Radiological investigation of VTBE
-Radiological confirmation of thromboembolic complication was based on the feasibility of the examination and patients condition, and was performed on the same day or with a 24-hour delay (Table 4).

Table 4: Radiological investigation of VTBE

- In group 1, there were:
    04 cases of pulmonary embolism confirmed by thoracic angioscan. Three patients did not benefit from radiological exploration, because of severity of state, before death.
    4 cases of peripheral thrombosis occuring in patients who had low anti-Xa levels, between 0.1 and 0.14 IU/mL.
- In group 2, there were: 
    04 cases of pulmonary embolism confirmed by thoracic angioscan,
    05 cases of deep vein thrombosis confirmed by radiological explorations (phleboscan or Doppler ultrasound).
Correlation between Enoxaparin dose, total body surface area (TBSA) and weight:
Pearson\\\\\\\\\\\\\\\\\\\\\\\\\\\\\\\'s correlation showed an association between final Enoxaparin dose with weight (correlation=0.21; p=0.02 (Figure 3)) and with TBSA (correlation=0.25; p=0.009 (Figure 4)).

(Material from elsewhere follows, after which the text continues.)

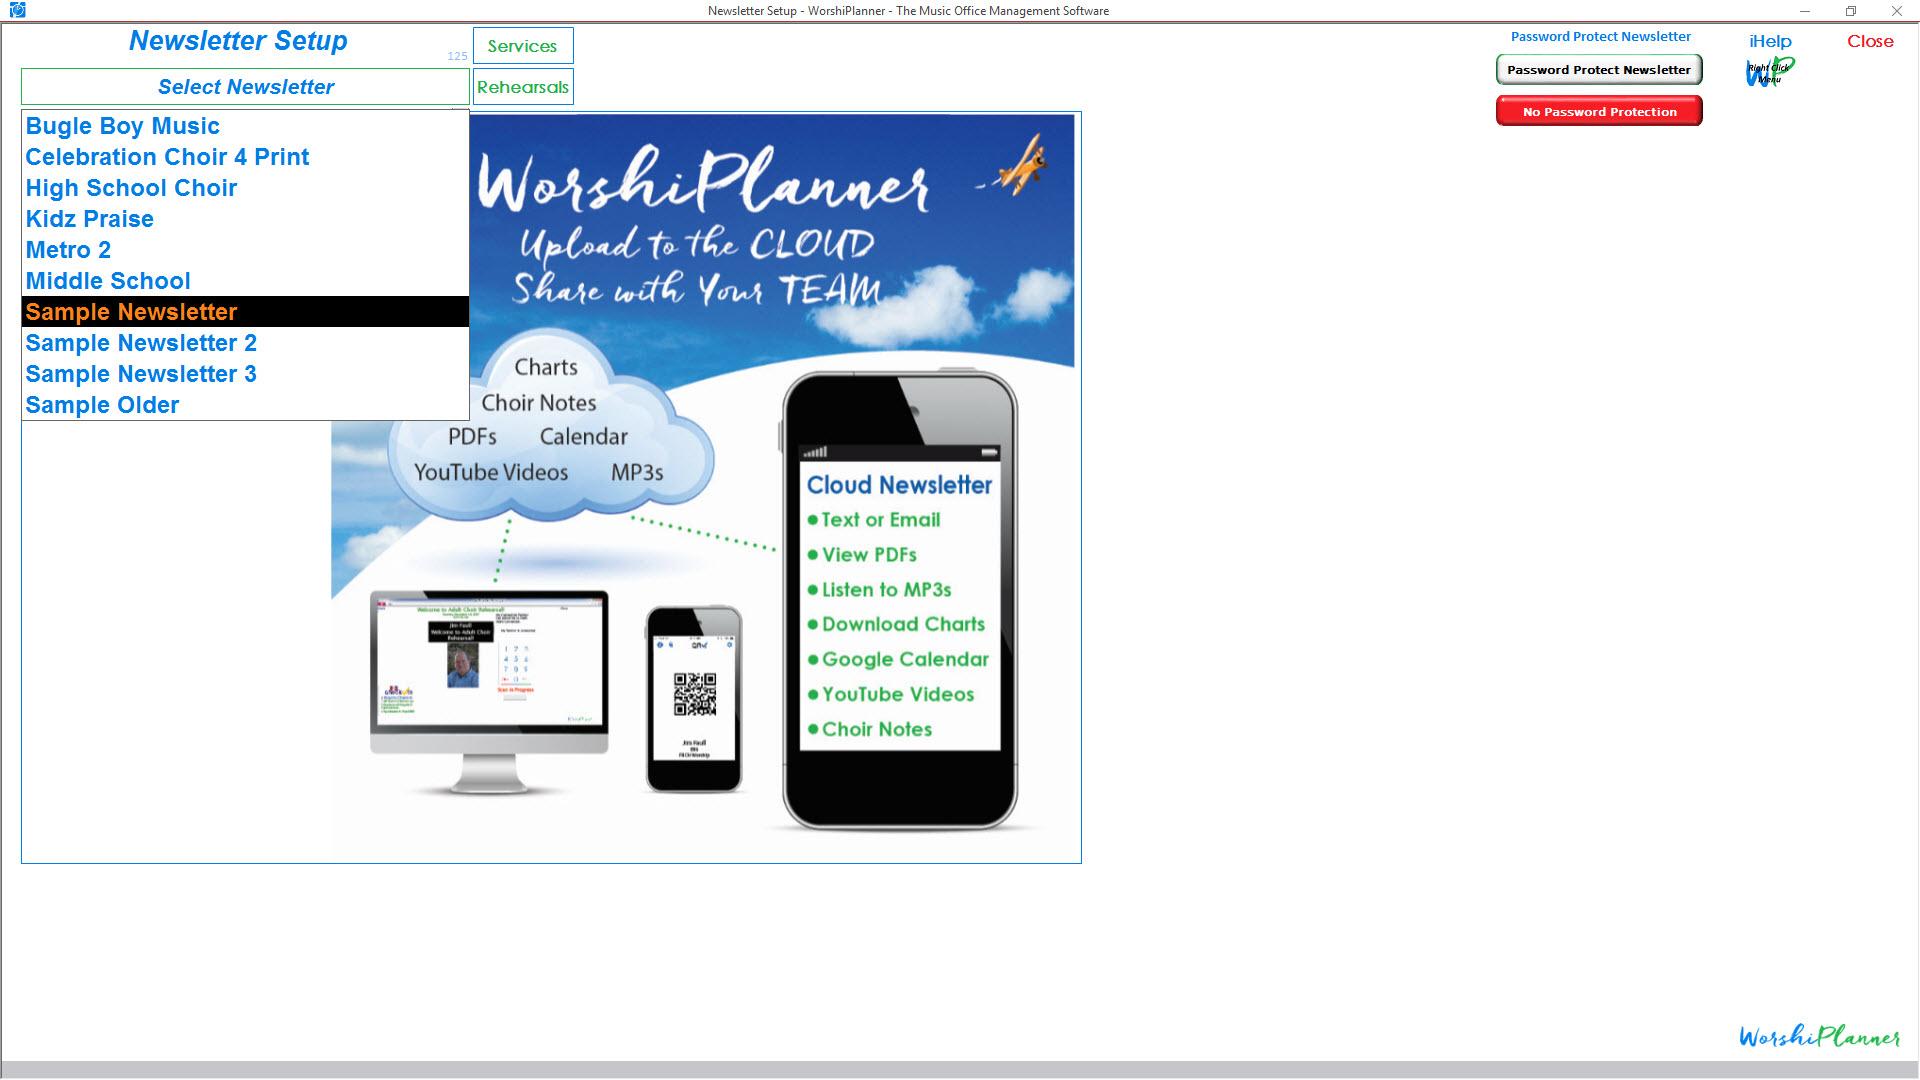 WP-News-Setup-1

Figure 3: Correlation between dose of Enoxaparine and weight

Linear regression showed a relationship between increasing Enoxaparin dose with TBSA and weight (R²=0.31; p=0.004).

Incidence of thromboembolic complications
The incidence of thromboembolic complications was  higher  in  group  2  (8,3%  versus 3,7%;
OR=3.25; 95% CI [1.31-8.02],p= 0.001) (Table 5).

Table 5: Incidence of VTBE in 2 groups

Discussion
In the literature, the incidence of thromboembolic complication in burns differs from one study to another depending on whether it is retrospective or prospective, the severity of burned patients, and the modalities of prophylaxis. In addition, no study has assessed the efficacy of antithrombotic prophylaxis in burn patient (Table 6).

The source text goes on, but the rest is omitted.